Les plans d’essais de l’administration semblent avoir contourné les processus traditionnels d’examen interagences. Des sources du Département d’État indiquent que le Secrétaire Blinken a été informé, mais non consulté, sur la décision—créant des tensions entre les priorités diplomatiques et de défense.
Au Capitole, la réaction se divise selon les lignes partisanes. Le sénateur James Risch, républicain de premier rang de la Commission des relations étrangères, a salué cette décision comme « nécessaire pour la sécurité nationale« , tandis que la sénatrice démocrate Elizabeth Warren l’a qualifiée de « provocation imprudente qui rend l’Amérique moins sûre ».
Les experts en contrôle des armements notent que la technologie de simulation informatique a considérablement progressé depuis le début du moratoire sur les essais, ce qui soulève des questions quant à la nécessité de tests physiques.
« Nous avons investi des milliards dans le Programme de gestion des stocks précisément pour éviter ce scénario, » a expliqué Dr. Raymond Jeanloz de l’Université de Californie à Berkeley, qui conseille le gouvernement sur la sécurité nucléaire. « Le consensus scientifique est que nos armes restent fiables sans essais explosifs. »
Ce qui se passera ensuite dépend largement de la réaction internationale. Si la Russie met à exécution ses menaces de reprendre son propre programme d’essais, les experts craignent que la Chine suive rapidement, déclenchant potentiellement des essais par l’Inde, le Pakistan et la Corée du Nord—un effet en cascade qui pourrait fondamentalement remodeler la sécurité mondiale.
Pour les communautés entourant les sites d’essais potentiels, le débat politique semble académiquement distant. Au Nevada, j’ai parlé avec des militants environnementaux préparant des contestations juridiques basées sur les préoccupations de contamination des eaux souterraines des époques d’essais précédentes.
« Ils prennent des décisions à Washington qui affecteront notre eau pendant des milliers d’années, » a déclaré Maria Diaz, organisatrice du Sierra Club. « Une fois que cette radiation pénètre dans l’aquifère, il n’y a pas de retour en arrière. »
En tant que journaliste ayant couvert des points chauds nucléaires à travers le monde, je suis frappé par la façon dont les discussions à Washington négligent souvent la dimension humaine de ces politiques.

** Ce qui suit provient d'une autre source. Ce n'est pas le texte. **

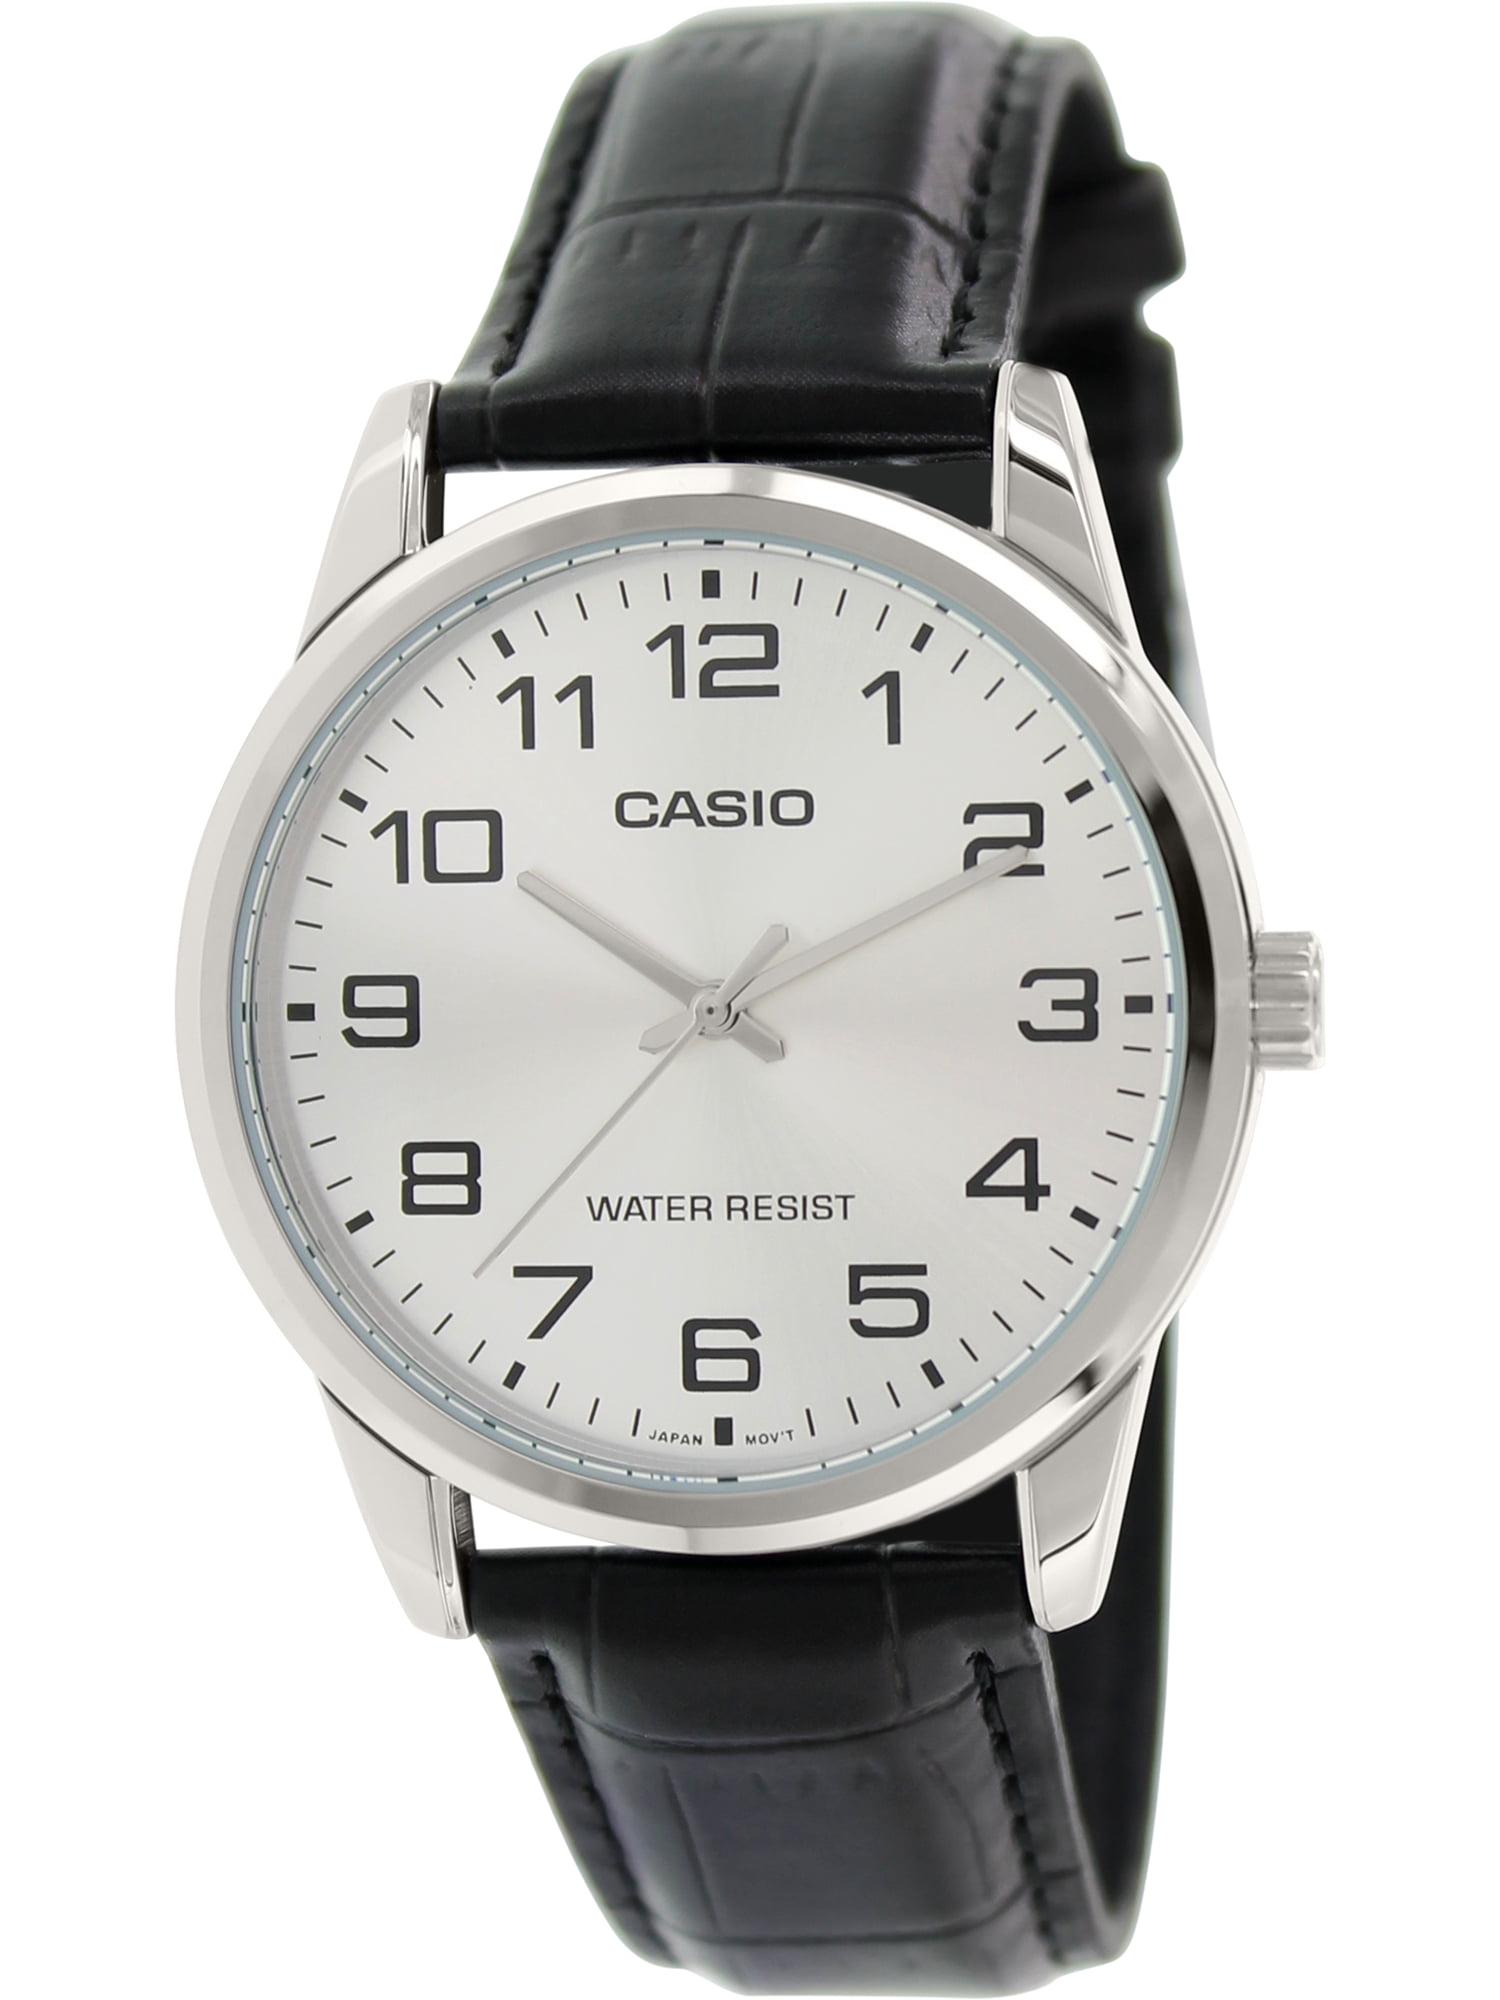 Men's MTPV001L-7B Black Leather Quartz Fashion Watch

Les froids calculs de la théorie de la dissuasion tiennent rarement compte des impacts générationnels sur les communautés où ces armes sont testées, construites ou potentiellement utilisées.

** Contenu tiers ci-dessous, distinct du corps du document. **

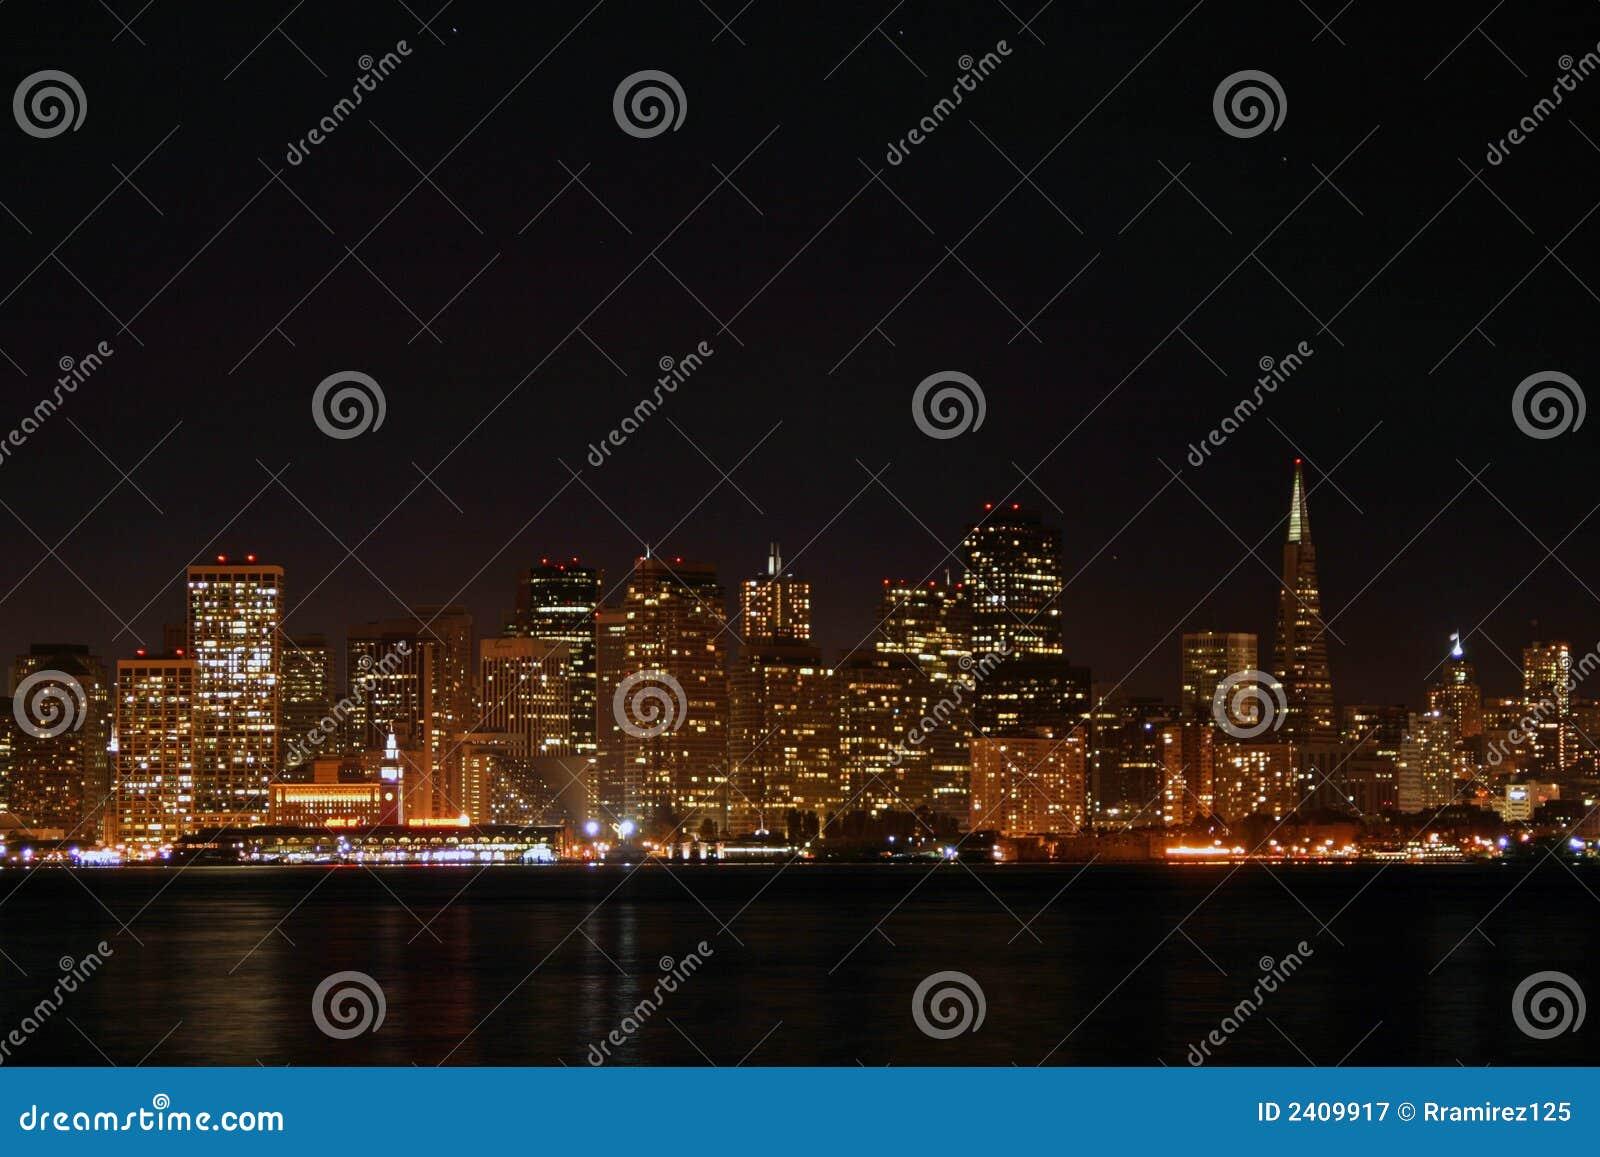 SF Skyline at night

L’administration américaine fait face à un choix crucial dans les semaines à venir—poursuivre les essais et risquer des réactions internationales ou reconsidérer et chercher des alternatives diplomatiques. Dans tous les cas, le paysage nucléaire semble se transformer sous nos pieds, avec des conséquences qui s’étendront bien au-delà de ce moment politique.